2. Run 'emerge patch' or emerge some other package.
3.

Actual Results:  
Emerge would check the mdsums and unpack the package but it would finish there. It did not compile, install, or merge.

Expected Results:  
It should have continued to steps compiling, installing, and merging.

'emerge info' I think is not relevant here. However, it is included as an attachment.
(This affected portage 2.0.51.19 as well as 2.0.51.22)
Comment 1 Jim Brown 2005-06-11 08:55:22 UTC
Created attachment 61058 [details]
emerge info
Comment 2 Jakub Moc (RETIRED) gentoo-dev 2005-06-11 09:04:01 UTC
(In reply to comment #0)
> Steps to Reproduce:
> 1. Install a bash shell from a Redhat 7.1 system.

Huh??? Sorry, only Gentoo bugs go here, ask Red Hat why their bash from an
ancient and for ages unsupported distribution does not work with Gentoo portage.

> The real fix was to emerge bash - for some reason gentoo's bash is not
affected by this.

What a surprise... :)
Comment 3 Jim Brown 2005-06-11 13:40:57 UTC
It is a Portage bug. Portage should be able to work with different bash versions
and warn if the version of bash is too old. (As a side note, same version of
bash (2.04) but from a gentoo ebuild doesn't have this problem, so bash 2.04 is 
clearly not too "ancient".) Unless of course Portage requires gentoo bash
for gentoo-specific patches, but as far as I know this is not the case.

(Sorry for pointing out the obvious, but 'emerge bash' won't do the trick on
such a system either - that would silently fail before bash could be installed.)

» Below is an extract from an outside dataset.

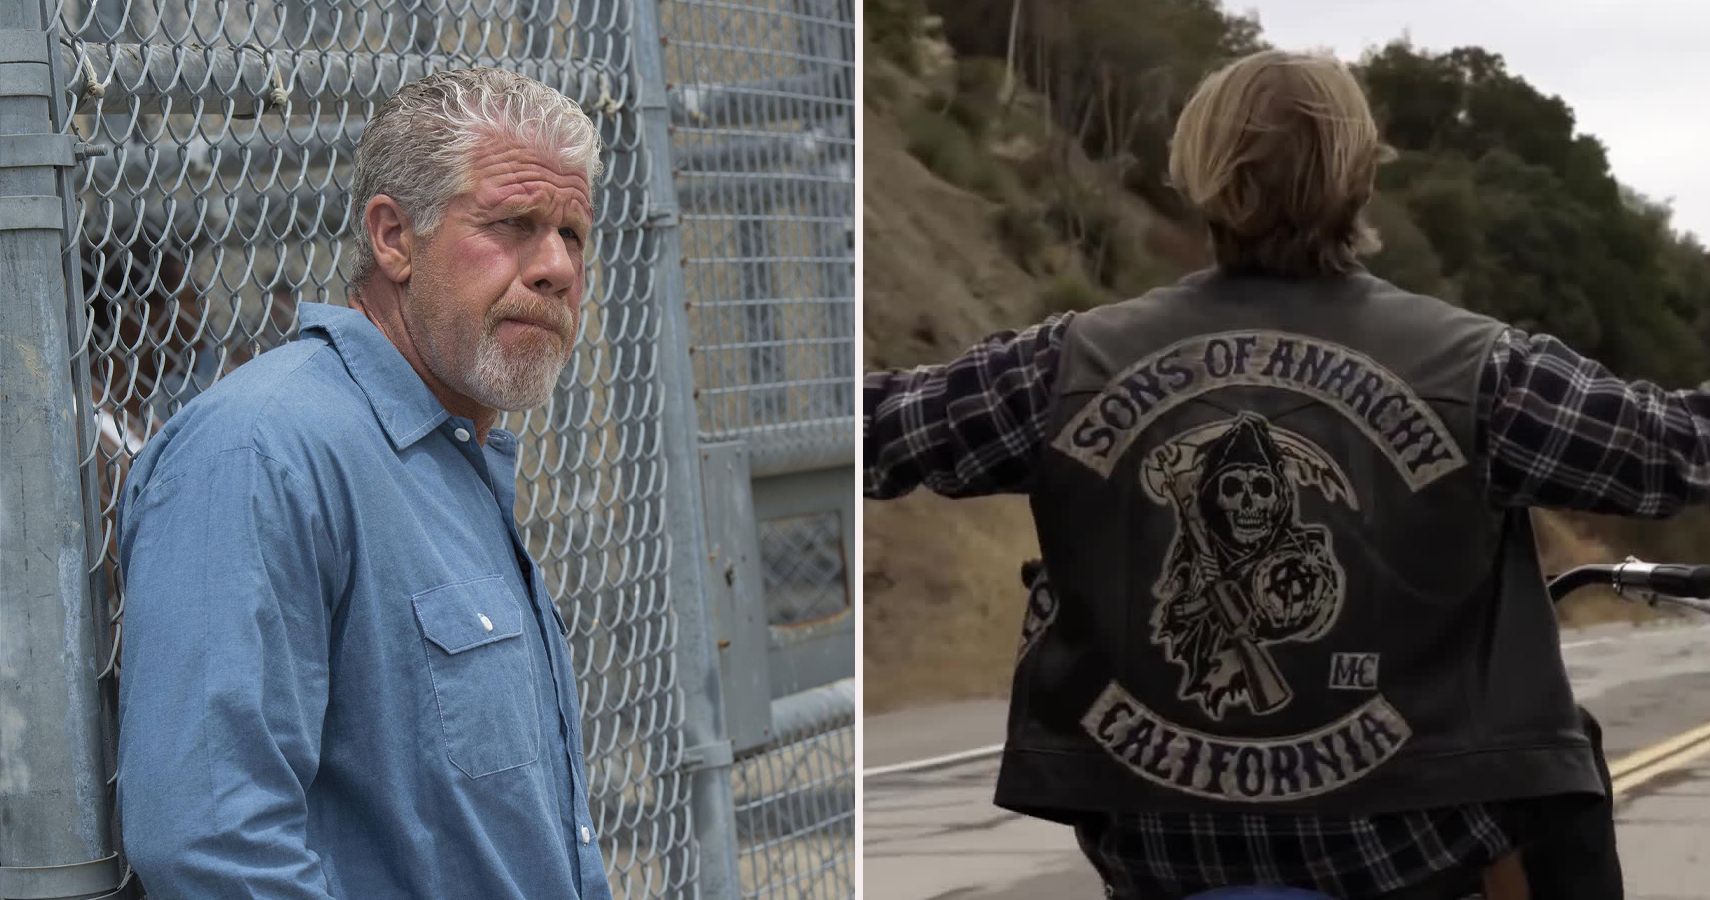 Sons Of Anarchy 10 Unpopular Opinions About The Show (According To Reddit)

This is easy enough to work around - as I explained, one merely needs to edit
ebuild.sh to strip the shell functions and read-only variables from the
temp environment file. (The code I used didn't work correctly, it sometimes
mangled other environment variables. That's the only reason I emerged gentoo's
bash.)
Comment 4 Jakub Moc (RETIRED) gentoo-dev 2005-06-11 14:12:23 UTC
Portage explicitly depends on >=bash-2.05a and is not designed to run on RH 7.1.
That
Comment 5 Jakub Moc (RETIRED) gentoo-dev 2005-06-11 14:12:23 UTC
Portage explicitly depends on >=bash-2.05a and is not designed to run on RH 7.1.
That´s about it. 
Comment 6 Jason Stubbs (RETIRED) gentoo-dev 2005-06-17 10:28:22 UTC
You're using an unsupported configuration so you're really on your own, but 
try to have all the dependencies that portage requires (such as >=bash-2.05a) 
before reopening and/or opening any other bug reports.